Avec la logique des IA companions dont sont si friandes les jeunes générations, le potentiel de prise de contrôle cognitive est incomparablement supérieur à tout ce que nous avons connu jusqu’à présent, en particulier au sein des réseaux sociaux.

Deux grandes forces sont en présence : d’un côté, les tycoons de la technologie, conscients que l’exacerbation du clash et de la simplification à outrance crée addiction et influence sur des milliards de personnes. Leur logique n’est pas seulement économique : elle repose sur une compréhension fine de la psychologie et de la manière dont l’attention se capture et se monétise.
De l’autre, les populistes — Trump, Bolsonaro, Le Pen et leurs semblables — pour qui la peur et la colère sont des instruments de pouvoir, que les réseaux sociaux diffusent avec une efficacité redoutable. Comme le montrent des ouvrages récemment publiés, comme Careless People de Sarah Wynn-Williams, ancienne responsable des affaires publiques chez Meta, une alliance objective de circonstance s’est formée entre ces deux forces, et elle est redoutablement efficace.

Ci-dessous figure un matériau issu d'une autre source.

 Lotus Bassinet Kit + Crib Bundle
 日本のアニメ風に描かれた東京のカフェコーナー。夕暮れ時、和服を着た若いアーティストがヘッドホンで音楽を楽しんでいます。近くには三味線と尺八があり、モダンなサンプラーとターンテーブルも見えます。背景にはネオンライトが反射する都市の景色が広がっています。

Il serait naïf de croire que des textes comme l’AI Act ou le Digital Services Act suffisent à inverser cette dynamique. Non seulement ils restent largement insuffisants — ils n’imposent pas la transparence des algorithmes ou leur interchangeabilité — mais surtout, comme le révèlent les événements récents, la confrontation prend essentiellement la forme d’un conflit politique entre États-Unis et Europe. Les accusations américaines, portées par JD Vance et d’autres, selon lesquelles l’Europe chercherait à censurer les réseaux sociaux, masquent une réalité simple : ils défendent des systèmes opaques, dont les algorithmes biaisés favorisent le clash, la polarisation et la déstabilisation démocratique, en toute connaissance de cause.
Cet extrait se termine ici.